--- Data block ---
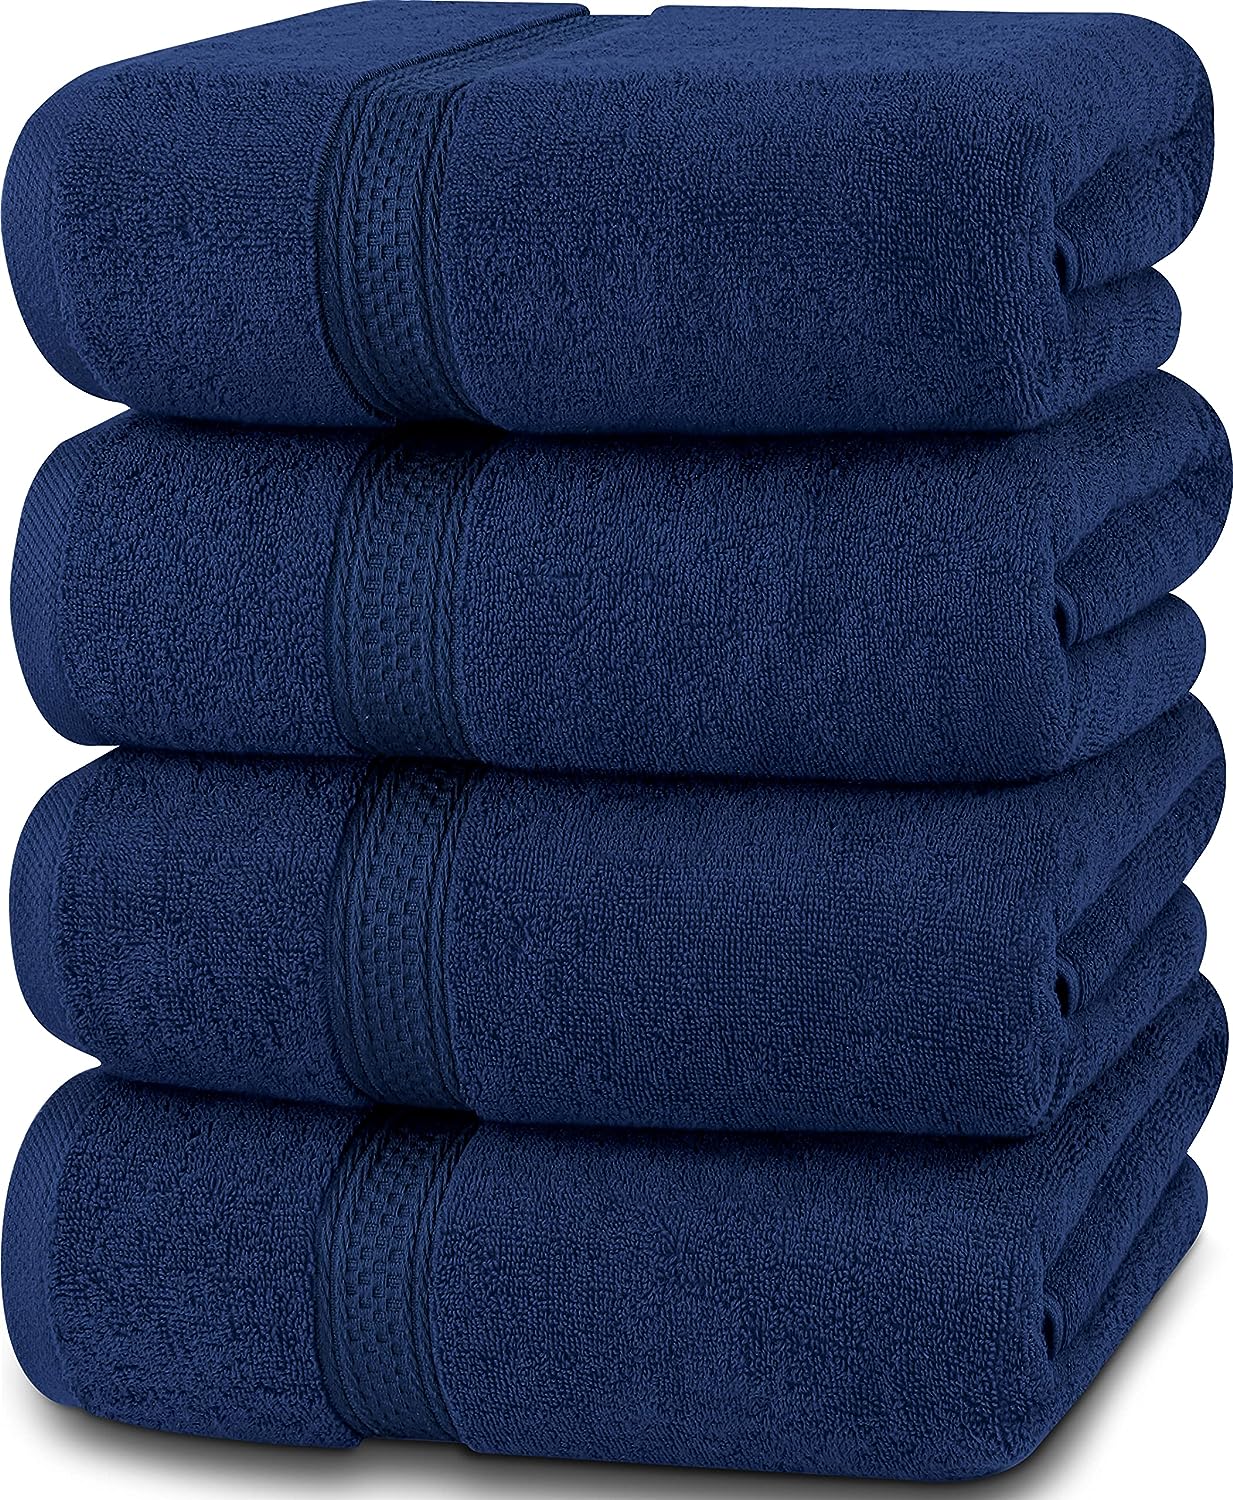 Today Only! Grab the Hottest Deals: Utopia Towels - 4 Piece Bath Towels Set (Navy) - Up to 42% Off!
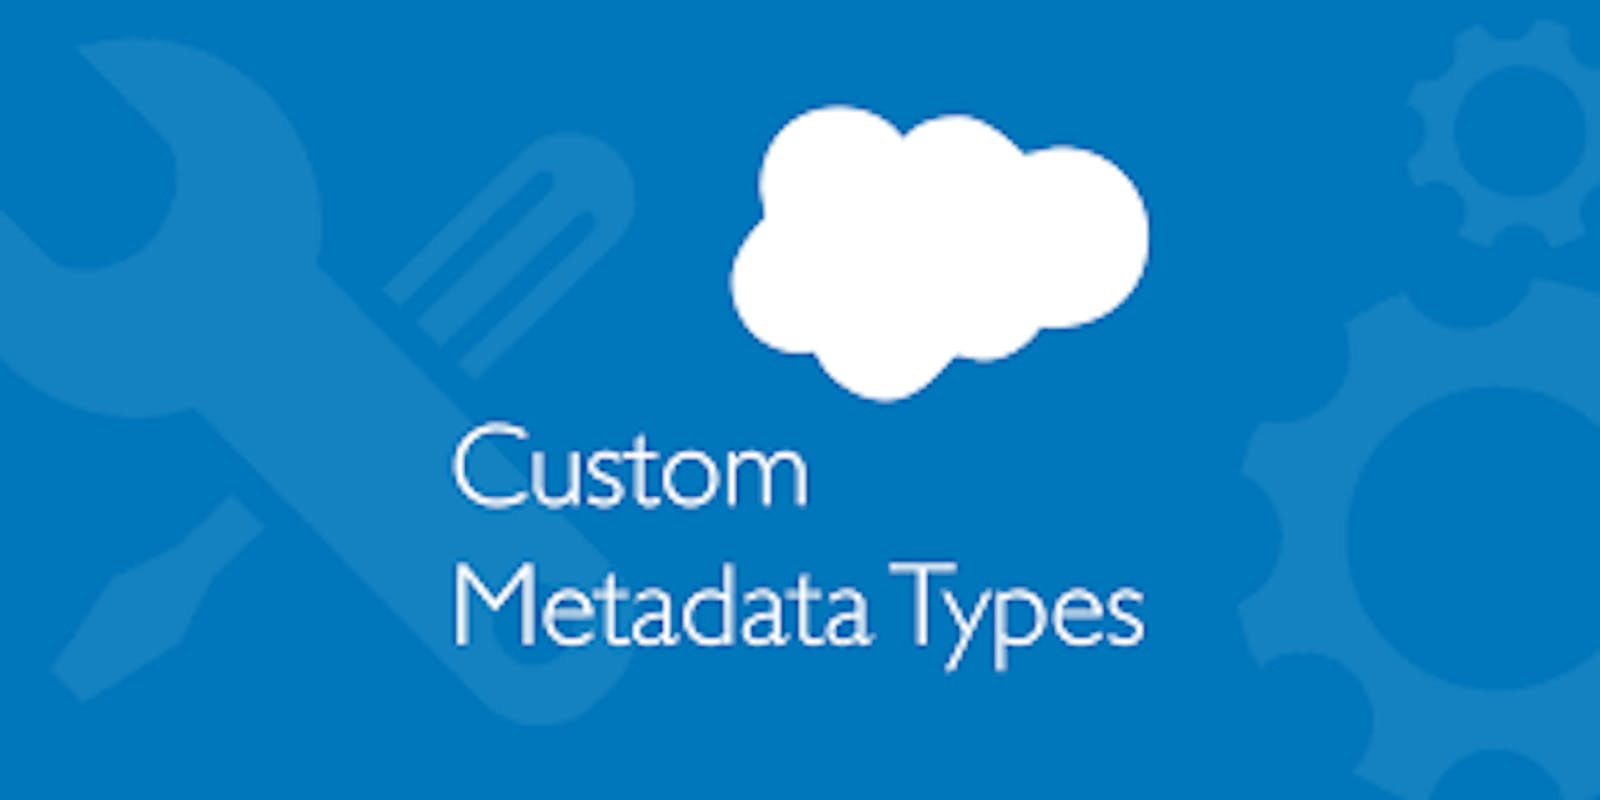 Introduction to Custom Metadata Types in Salesforce
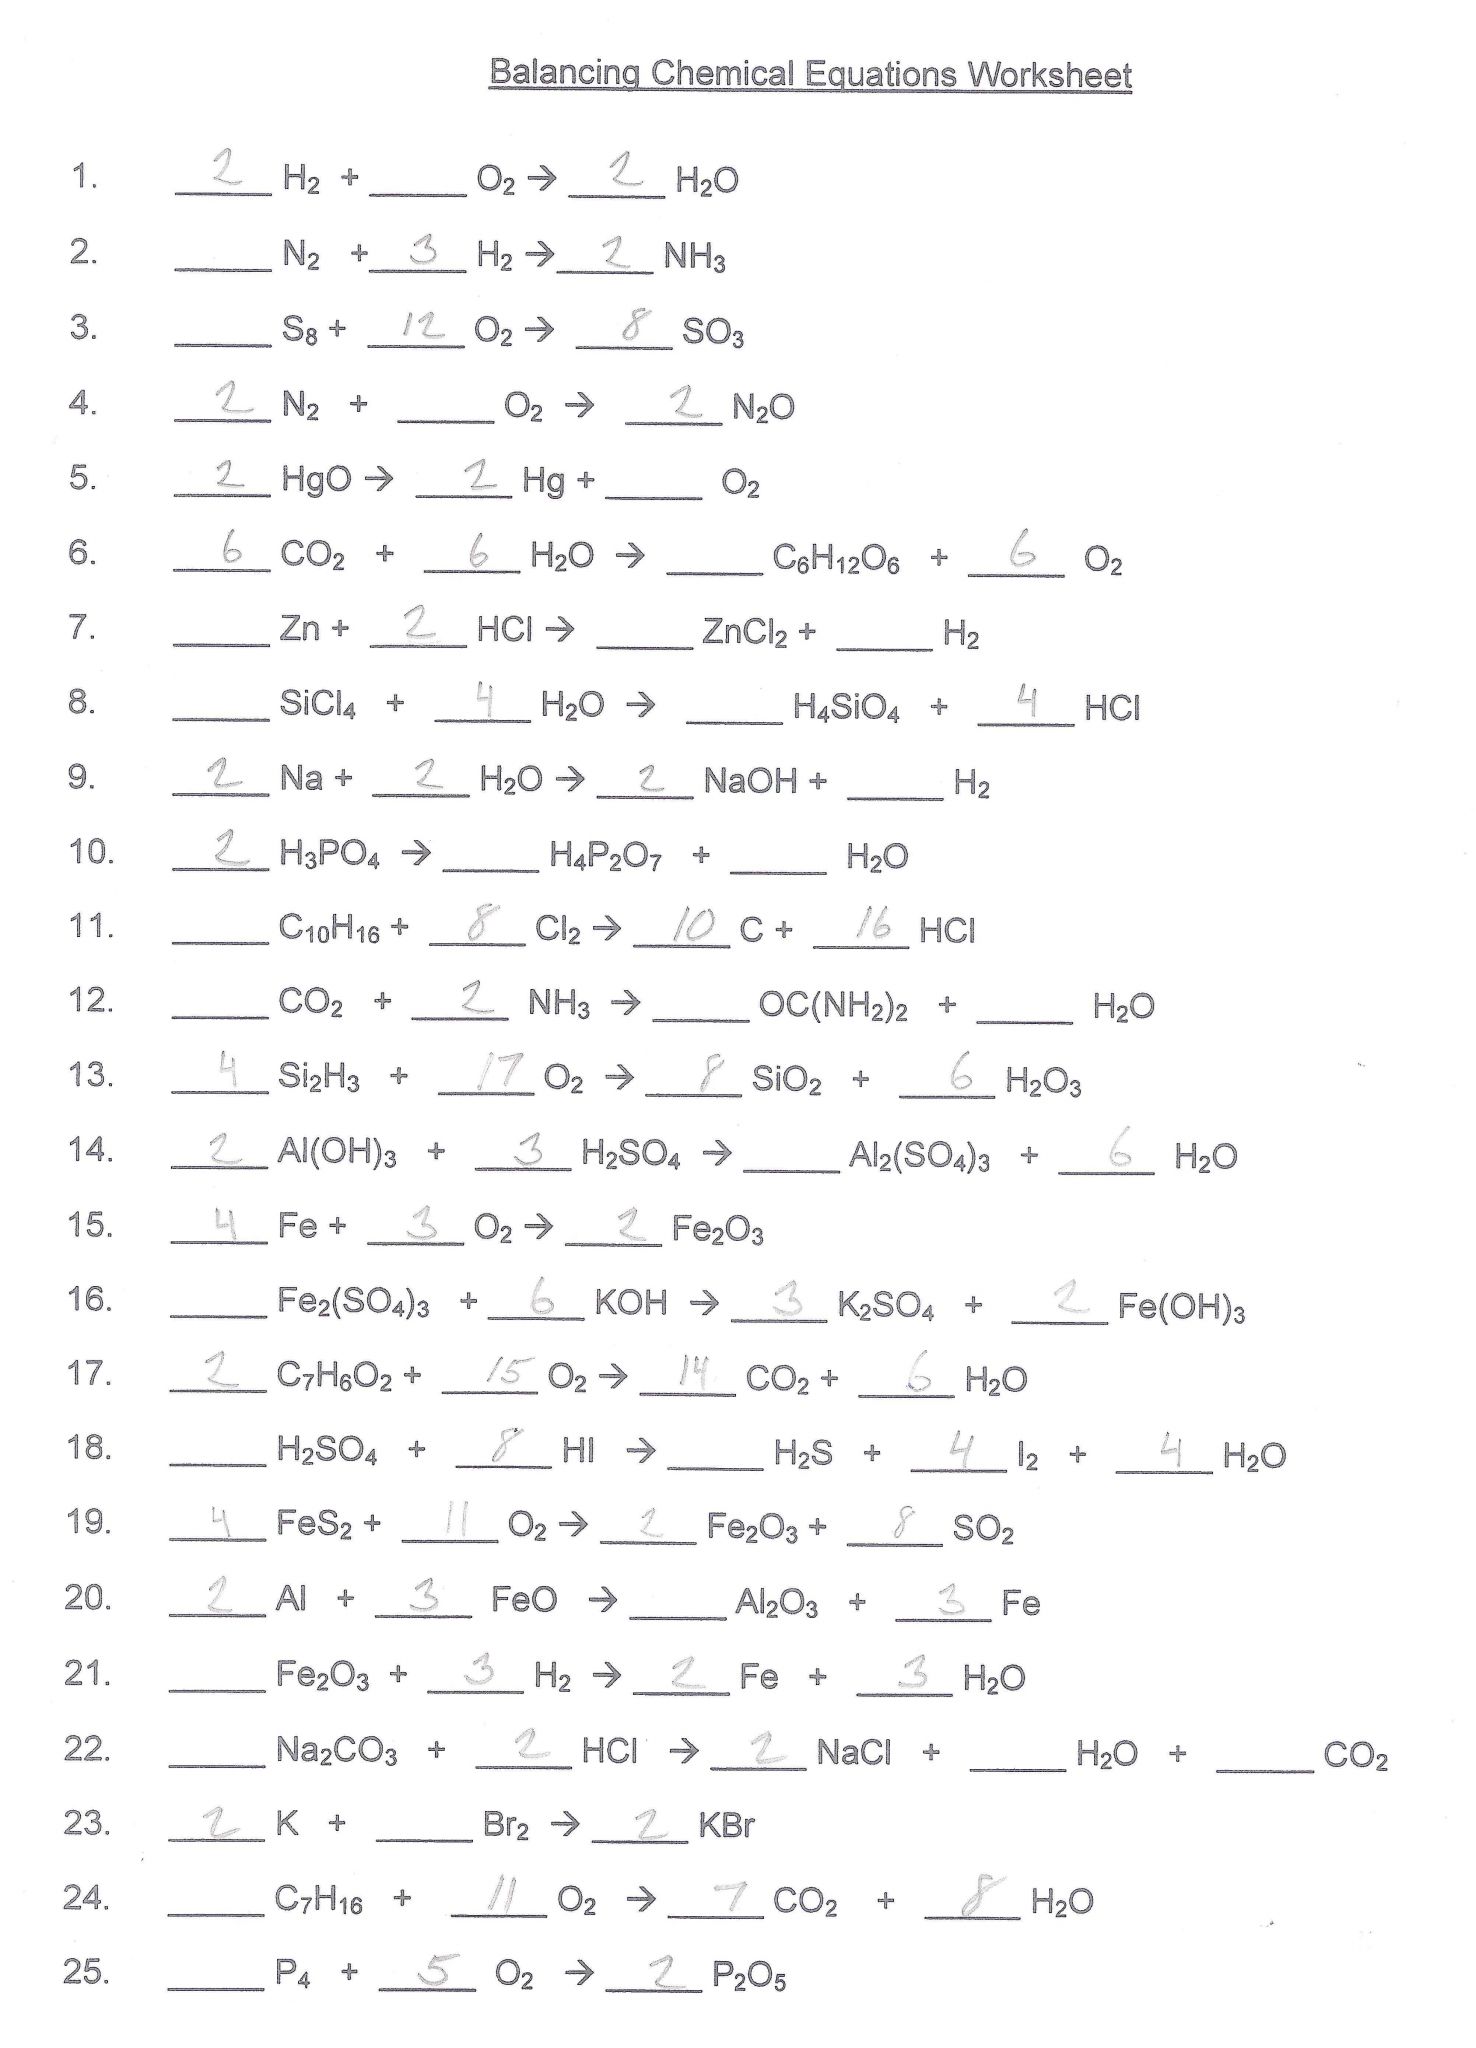 Limiting Reagent Worksheet Answer Key with Work together with 39 Elegant Limiting Reagent Worksheet Answer Key with Work

--- Work request ---
All of the material must be repeated exactly in the answer, apart from the pictures.

--- Task response ---
 Today Only! Grab the Hottest Deals: Utopia Towels - 4 Piece Bath Towels Set (Navy) - Up to 42% Off!
 Introduction to Custom Metadata Types in Salesforce
 Limiting Reagent Worksheet Answer Key with Work together with 39 Elegant Limiting Reagent Worksheet Answer Key with Work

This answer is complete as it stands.